General Motors Acceptance Corp. v. Ibrahim

171 Mich. App. 483 (1988) 431 N.W.2d 41

GENERAL MOTORS ACCEPTANCE CORPORATION
v.
IBRAHIM

Docket No. 95289.

Michigan Court of Appeals.

Decided May 12, 1988.

O'Reilly, Rancilio, Nitz, Andrews & Turnbull, P.C. (by Neil J. Lehto), for General Motors Acceptance Corporation.

Brandt, Hanlon, Becker, Lanctot, McCutcheon, Martin & Schoolmaster (by Dennis M. Killeen), and MacArthur, Cheatham, Acker & Smith, P.C. *484 (by James G. Gross), of Counsel, for Auto Club Insurance Association.

Before: HOLBROOK, JR., P.J., and HOOD and N.J. KAUFMAN,[*] JJ.

PER CURIAM.

Defendant Auto Club Insurance Association (ACIA) appeals as of right from the trial court's grant of summary disposition in favor of plaintiff General Motors Acceptance Corporation (GMAC).

The facts are not in dispute. Samira A. Ibrahim purchased a 1984 Pontiac Trans Am and executed a finance agreement with GMAC, which required Ibrahim to have insurance on the Trans Am. According to the agreement, the insurance proceeds would be applied to replacement of the property or to payment of the amount owed under the finance agreement. The insurance was obtained from ACIA.

The insurance agreement contained a "loss payable" clause, which provided in pertinent part:

Loss and damage, if any, under the policy shall be payable as interest may appear to ... [lienholder] and this insurance as to the interest of the Bailment Lessor, Conditional Vendor, Mortgagee or other secured party (herein called the Lienholder) shall not be invalidated by an act or neglect of the Lessee, Mortgagor, Owner of the within described automobile or other Debtor nor by any change in the title or ownership of the property; provided, however, that the conversion, embezzlement or secretion by the Lessee, Mortgagor, Purchaser, or other Debtor in possession of the property insured under a bailment lease, conditional sale, mortgage or other security agreement is not covered under such policy, unless *485 specifically insured against the premium paid therefor; and provided, also, that in case the Lessee, Mortgagor, Owner or other Debtor shall neglect to pay any premium due under such policy the Lienholder shall, on demand, pay the same.
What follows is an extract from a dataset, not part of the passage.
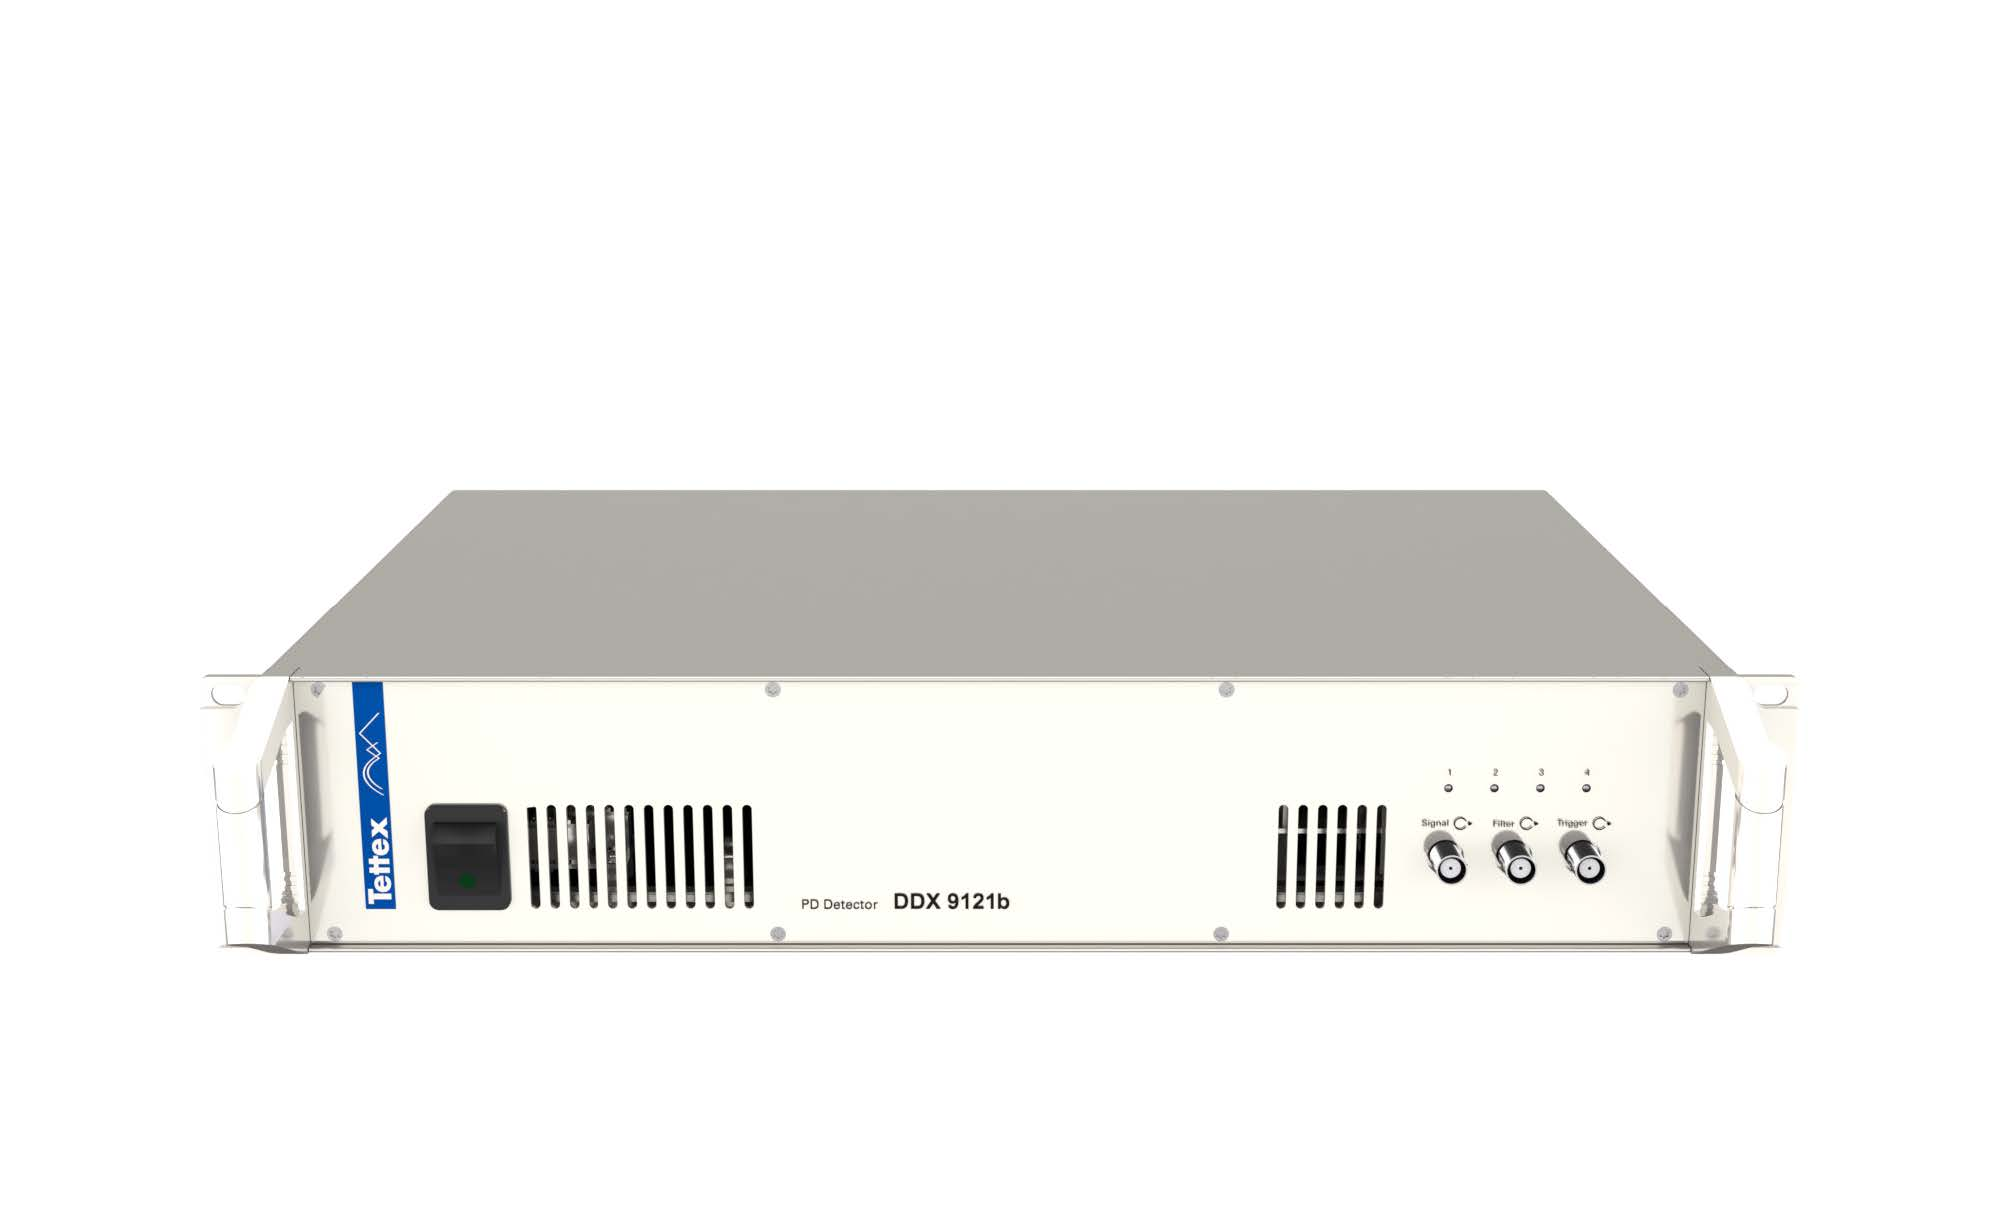 DDX 9121b
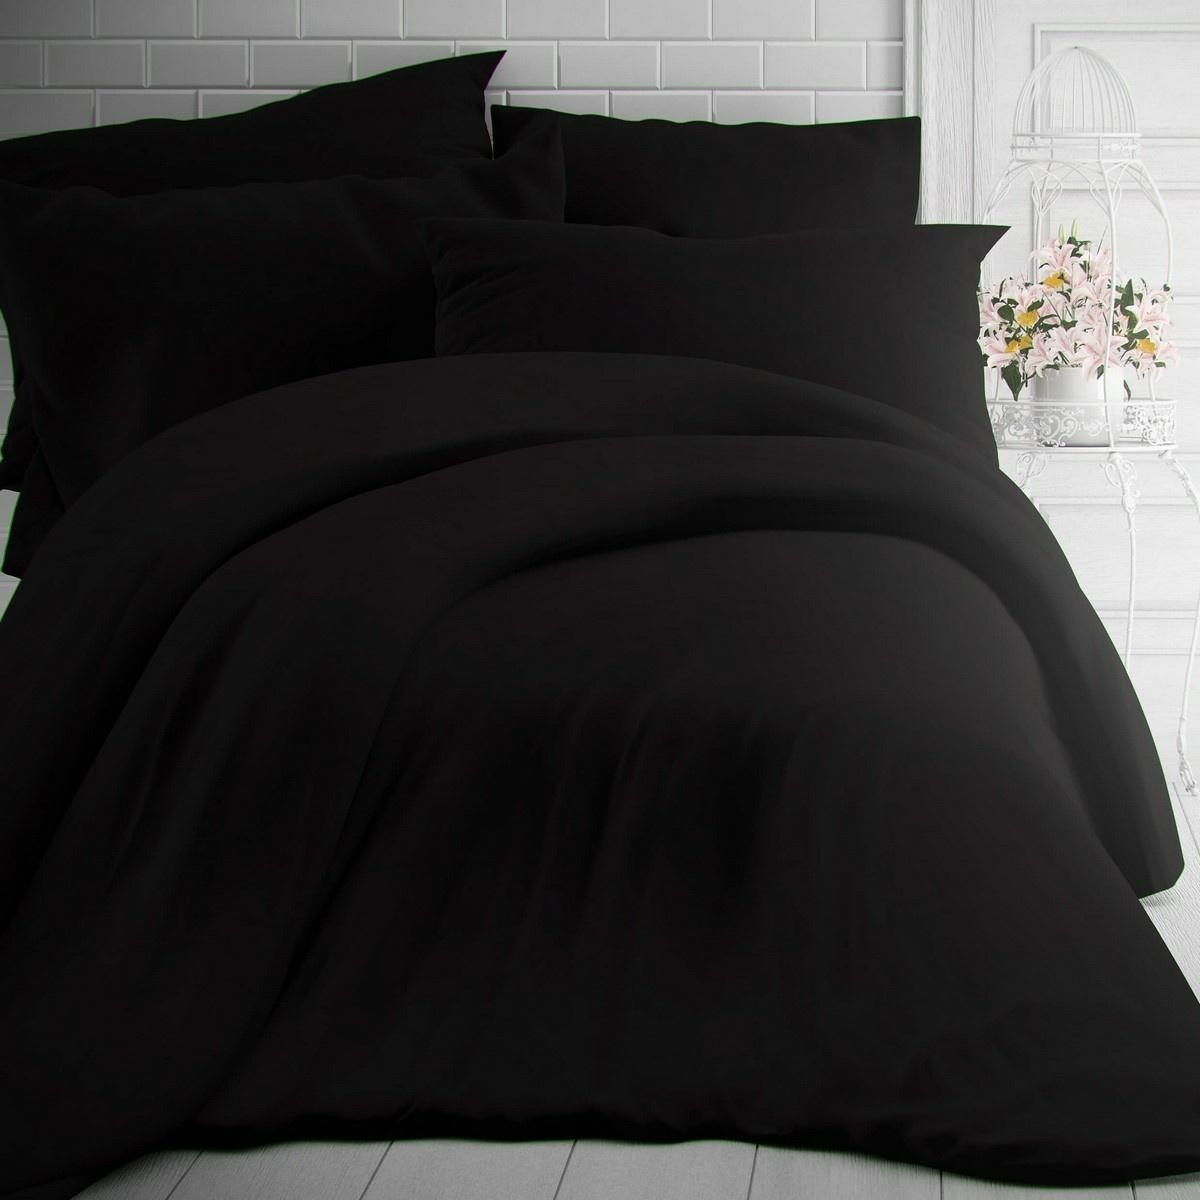 Kvalitex Bavlnené obliečky čierna, 220 x 200 cm, 2 ks 70 x 90 cm

The Trans Am was subsequently destroyed. ACIA alleged the car was intentionally destroyed by Ibrahim and refused to pay the claim made by GMAC. GMAC then filed the instant case against ACLA for proceeds under the loss payable clause. GMAC moved for summary disposition stating that even if Ibrahim did destroy the car intentionally, GMAC was entitled to recover. The trial court agreed, and entered an order of summary disposition in favor of GMAC This appeal followed.

GMAC and ACIA recently litigated the effect of the same loss payable clause in Boyd v General Motors Acceptance Corp, 162 Mich App 446; 413 NW2d 683 (1987). In Boyd a panel of this Court held that this loss payable clause provides no greater coverage than the underlying policy and the underlying policy precludes coverage for intentional destruction of the automobile. Boyd, supra, p 453.

We agree with the analysis and conclusion which this Court reached in Boyd, and reach the same result.

Reversed.

NOTES

[*] Former Court of Appeals judge, sitting on the Court of Appeals by assignment.